Even the world’s largest computer company isn’t safe from the occasional ouchie, what with its track record of flops that includes the Spot Watch and the Kin. But who can forget the Zune? Despite impressive reviews from critics and users, Zune’s entrance into commerce came at a time when its primary competitor, guess which one, had already established a borderline-monopolized foothold in the market. This, coupled with inferior marketing strategies, mediocre software support, and a lack of innovation, sent the Zune straight to flopsville, with the devices pulled from production in 2012 and the remaining services retired in 2015.

Before we unveil our #1 pick, let’s have a look at a few honorable, or, in this case, dishonorable mentions:
OQO Model 01 (2004)
OQO, Inc.
Wireless Display [aka WiDi] (2010-)
N-Gage (2003-05)
Apple Watch (2015-)
Apple Inc.

#1: Google Glass (2013)

So far, we’ve covered tablets, laptops and gaming consoles, but who would’ve ever thought that eyewear would find its way onto this list, and from Google no less?

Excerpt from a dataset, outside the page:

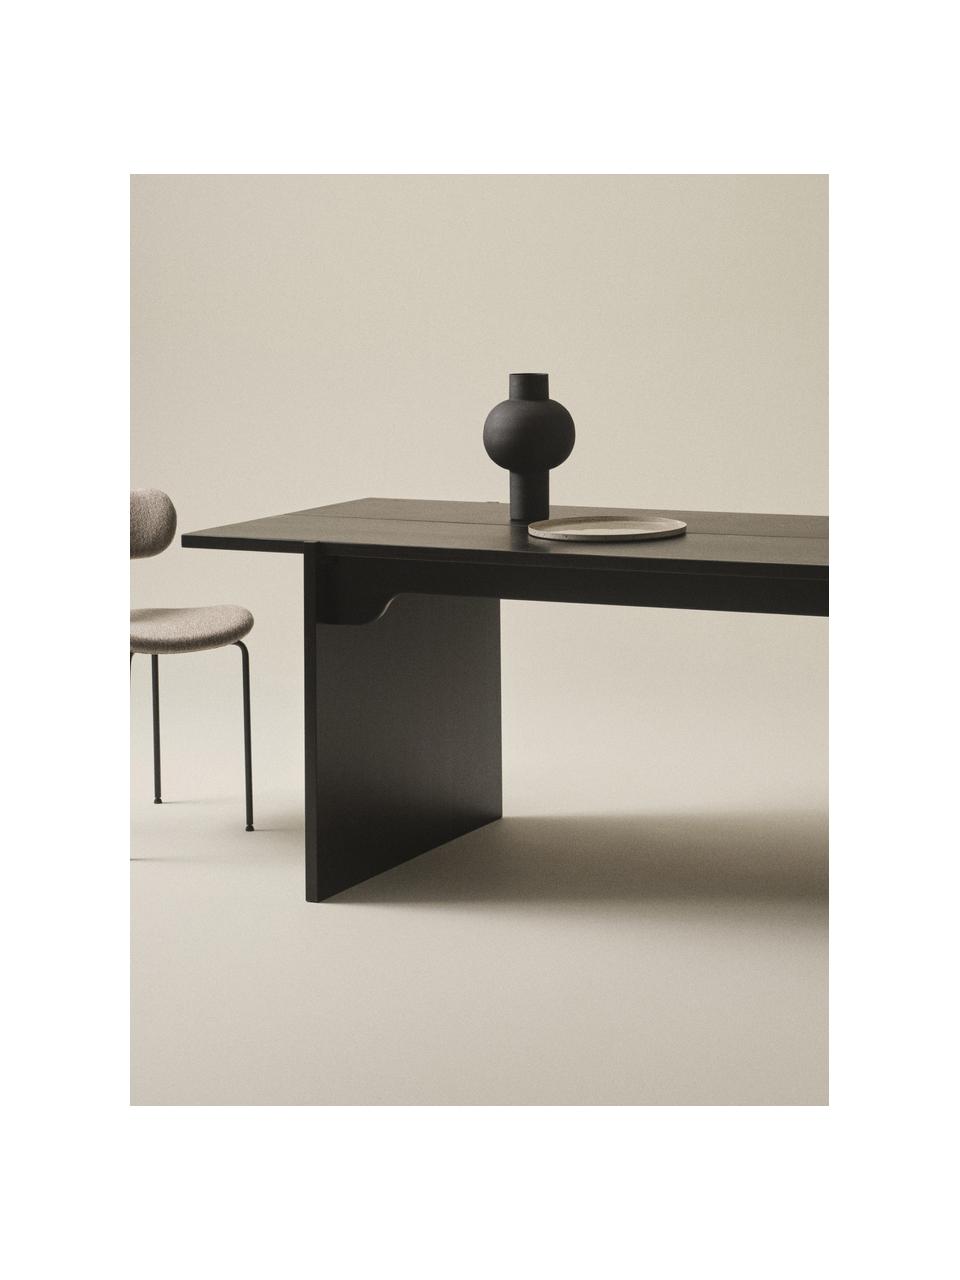 Jedálenský stôl z borovicového drevo Tottori, 250 x 84 cm, Borovicové drevo, Borovicové drevo, čierna lakované, Š 250 x H 84 cm

Though certainly an innovative and dandy device, the Google Glass prototype was ultimately a failure for its not-so wallet-friendly price tag, lack of special features, and the legislative actions it sparked due to privacy and safety concerns. Moreover, the product failed to impress most users, with many calling the device more of an intricate eyesore than a convenience. Google announced they’d cease production of the prototype in early 2015 – and though the company plans on continuing to develop it – as of early 2016, Google Glass is one of the fastest product flops ever to be released, tech or otherwise.